Quando ela estava voltando para casa da sua reunião, faltando poucos metros para chegar no nosso prédio, vinha caminhando e passou perto de um par de catadores que estavam revirando uma daquelas lixeiras grandes e verdes, vendo o que conseguiam recuperar. Quando a viram passar, ela me contou, ficaram olhando pra ela e assobiaram algumas coisas, fazendo barulhinhos com os lábios como quem chama um cachorro e rindo. Ela me disse que ia ignorar, ia seguir direto pra casa sem mais nada, até ouvir um dos dois mais ou menos levantar a voz.

"Ei! Fiiiiiu! Moça, tem alguma coisa pra dar?"

Mariana parou e se virou, dando alguns passos pra perto. Os dois catadores olhando fixo enquanto ela se aproximava, "Oi, rapazes. Que foi? Qual é?"

"Não tem nada pra dar? Não sobra uns trocados..."

"Não, dinheiro não tenho", respondeu pra eles. Os dois catadores, naturalmente, estavam realmente sujos e maltrapilhos. De bermuda e camisetas furadas, usando bonés pra se proteger do sol. Mariana, enquanto isso, estava elegantíssima e puta como sempre, usando uma camiseta chique que marcava aqueles peitos incríveis e uma calça jeans justíssima, realçando aquele rabão delicioso. Os catadores olhavam fixo, sem tirar os olhos dessa mulherão que falava com eles.

"Bom... qualquer coisa...", disse um, "O que tiver pra dar..."

"Não sei, pode ser", disse Mariana olhando pra eles também, estudando um pouco, "Alguma roupa velha por aí eu tenho, pode servir?"

"Sim, claro", respondeu um, "O que tiver, obrigado"

"Ah, mas... não... ", disse Mariana fazendo-se de desentendida, "Tá guardado, tenho que procurar..."

"Não, tá bom, a gente espera", respondeu um, "Você traz, a gente espera aqui."
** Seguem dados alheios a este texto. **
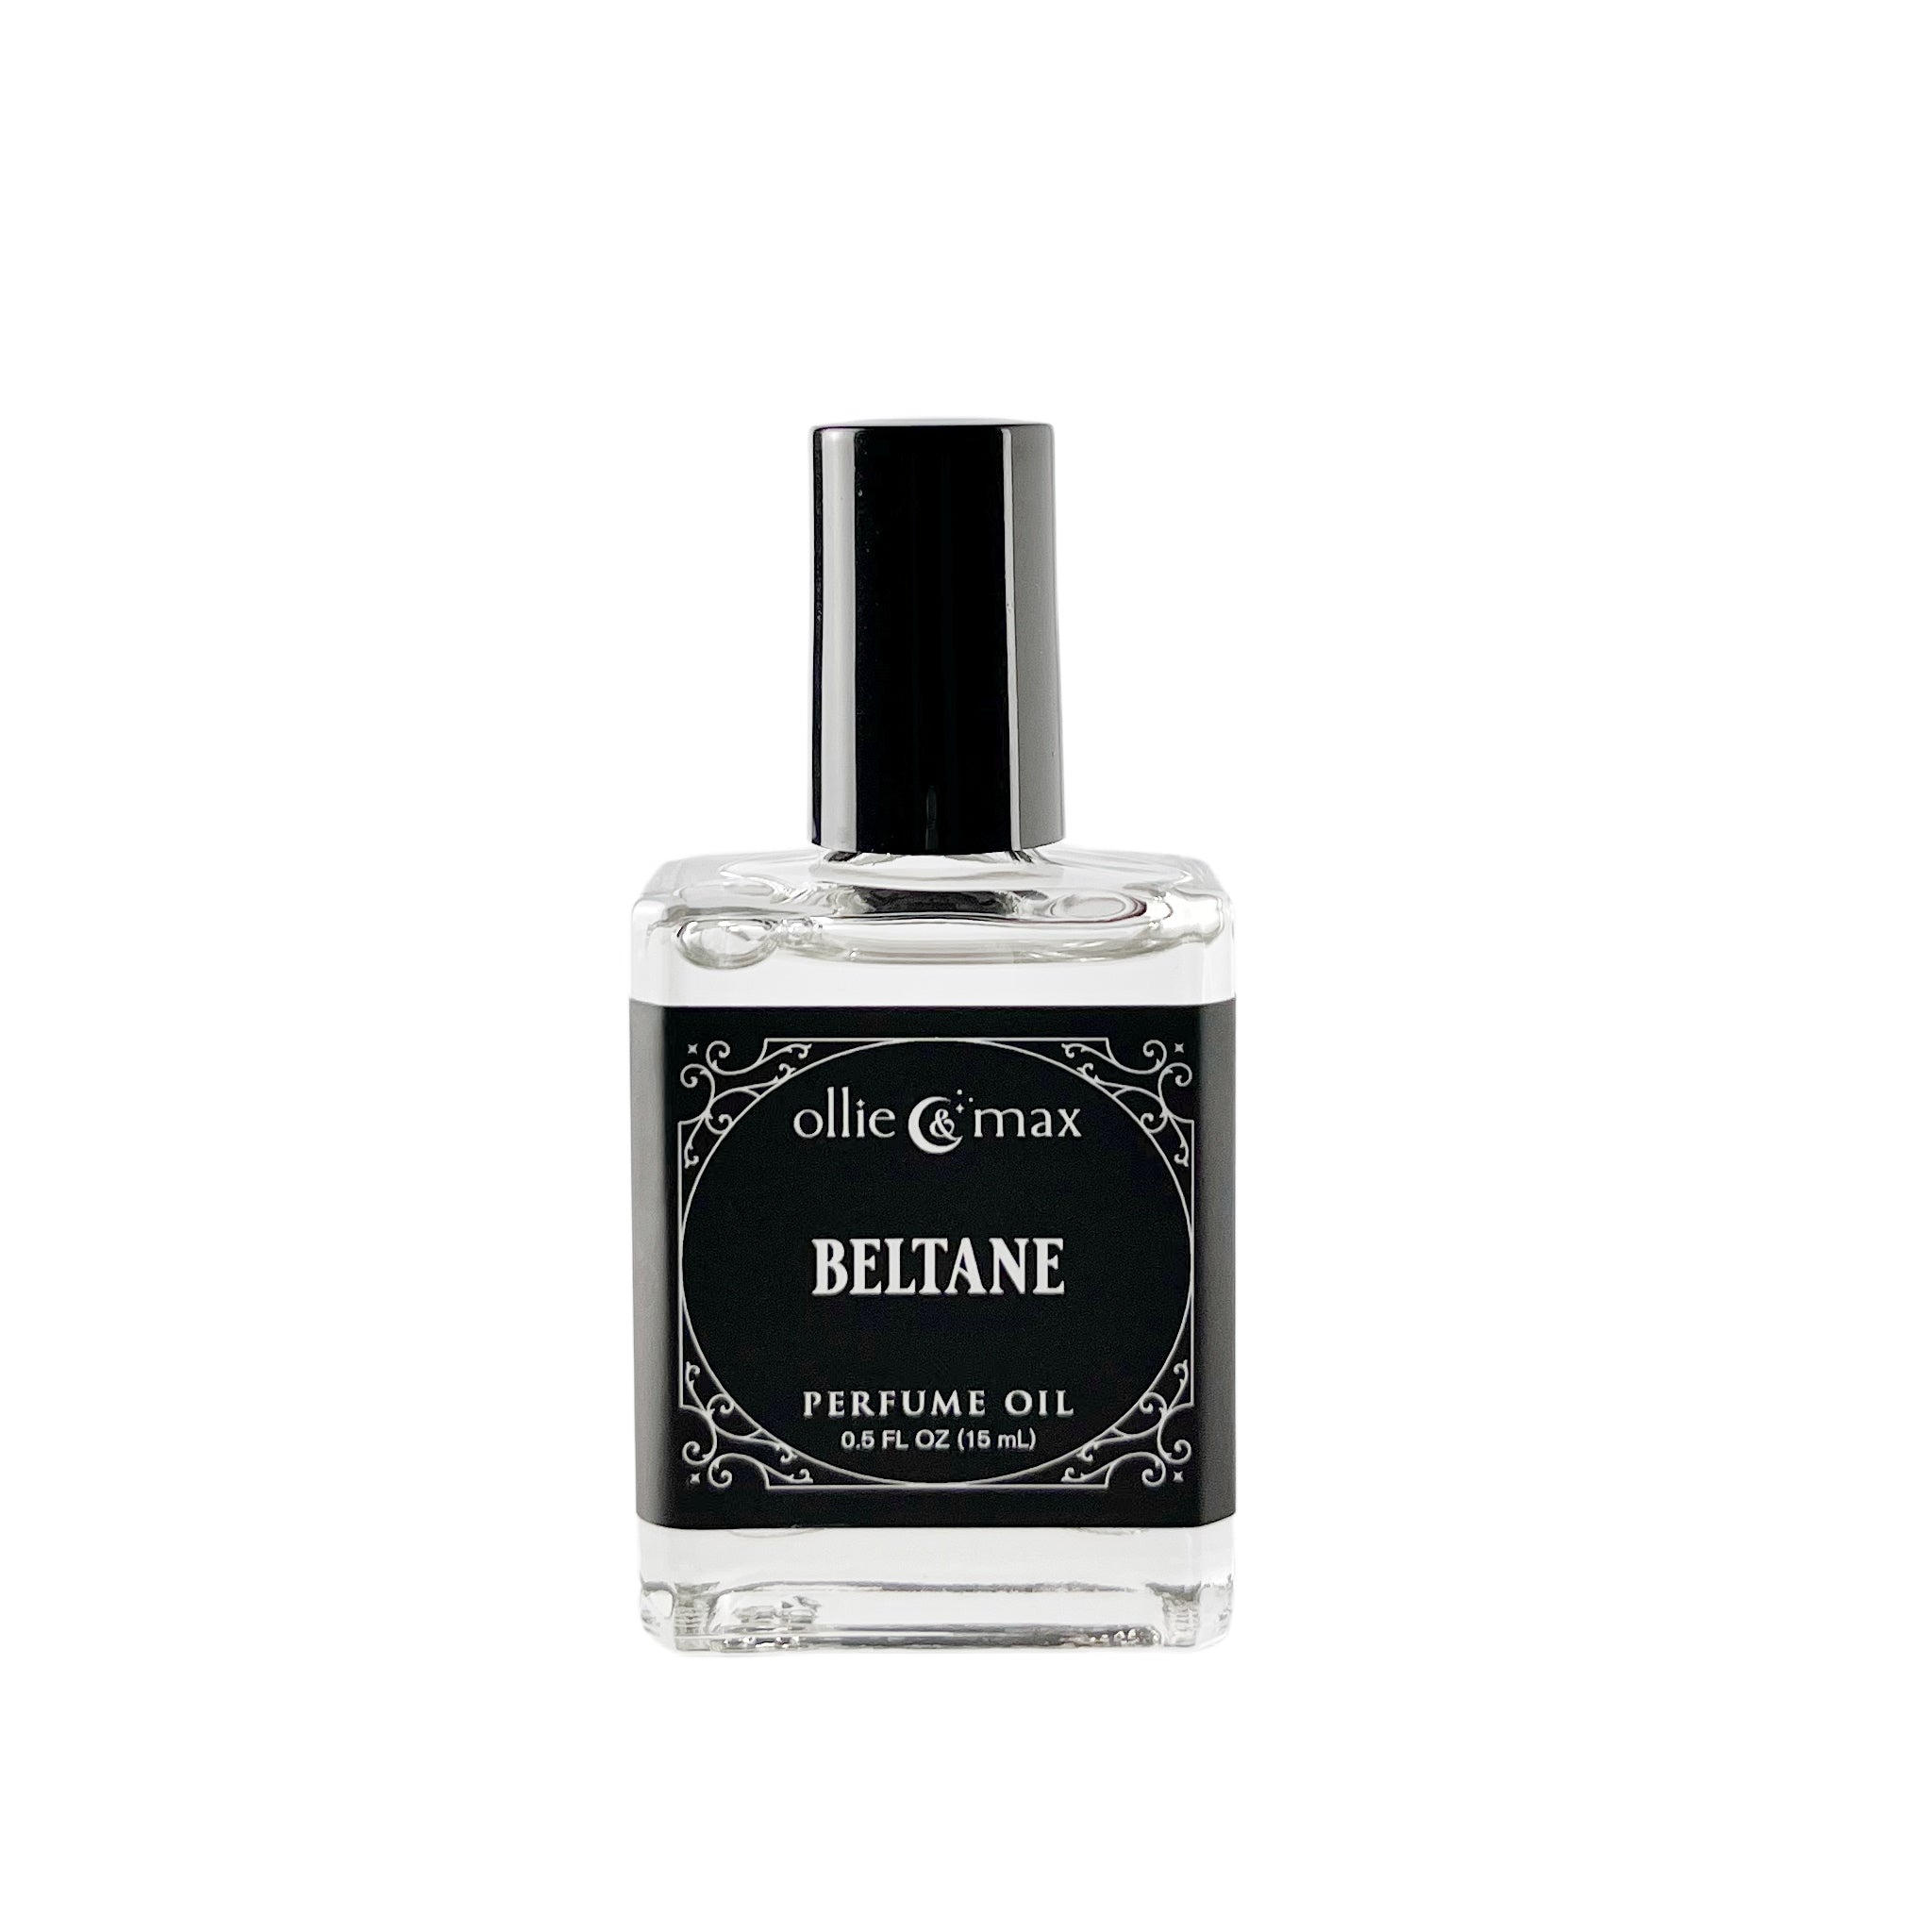 Beltane perfume, 15ml, glass rectangle bottle with black cap and black and silver label. 
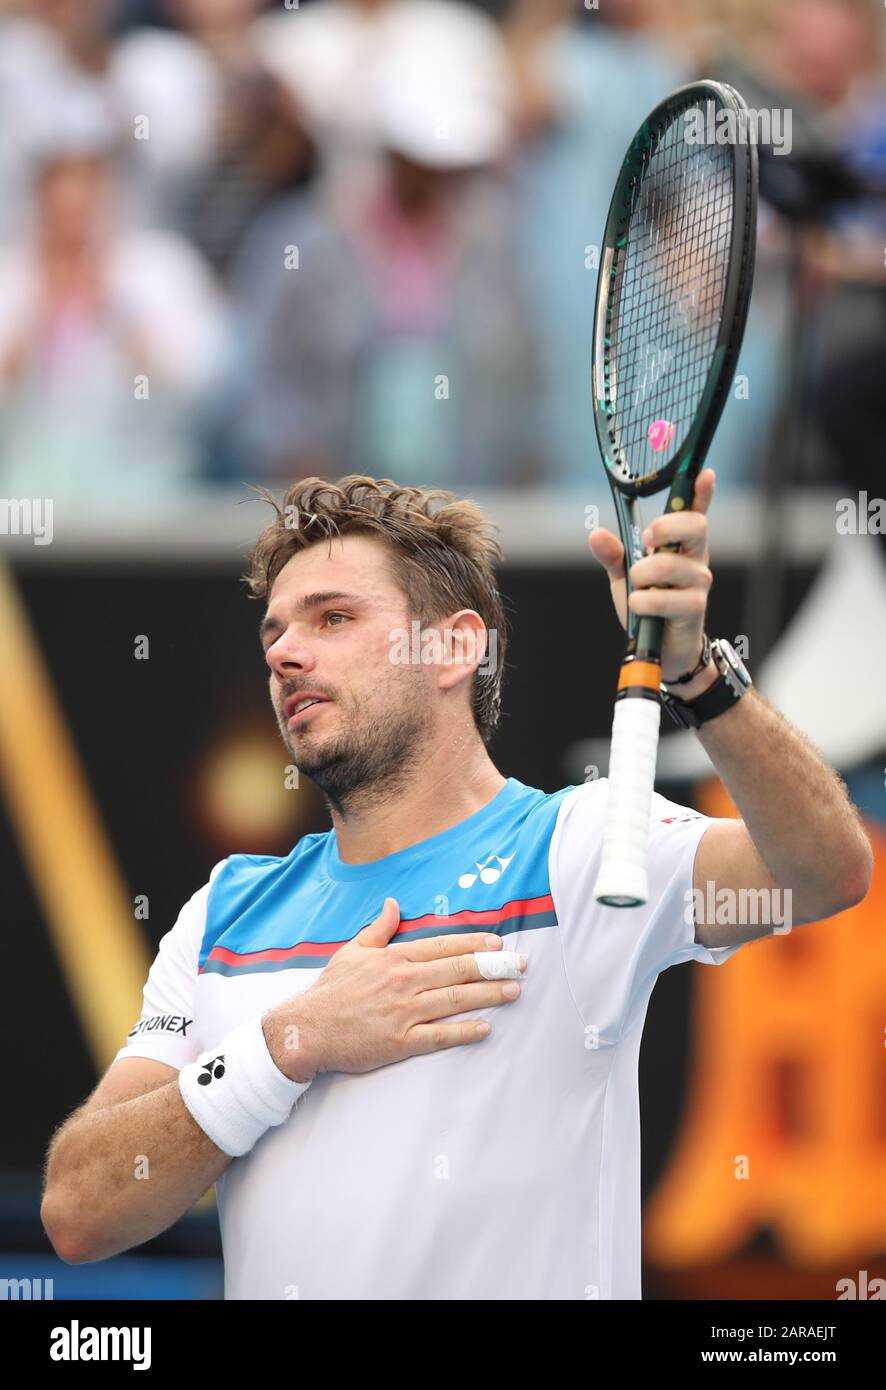 Melbourne, Australia. 27th Jan, 2020. Stan Wawrinka celebrates victory  after the men's single's fourth round match between Stan Wawrinka of  Switzerland and Daniil Medvedev of Russia at the Australian Open tennis  tournament

"Não, rapazes, não vou subir pro apartamento e descer de novo, com esse calor que tá...", disse e passou uma mão suave e lenta pelo pescoço suado, "Melhor subirem comigo e eu vejo o que posso dar, tá? ela e um deles disse, "Bem, vamos lá, obrigado"
"Ai, me deem um segundo, preciso responder uma mensagem..." ela disse enquanto tirava o celular da bolsa, notando que os catadores de papel já tinham dado uma olhada no aparelho. Fingiu que respondia uma mensagem, mas na verdade estava mandando uma pra mim, lá em casa.

"Tô subindo com gente. Se esconde no quarto e me espera. Sem barulho.", dizia só a mensagem.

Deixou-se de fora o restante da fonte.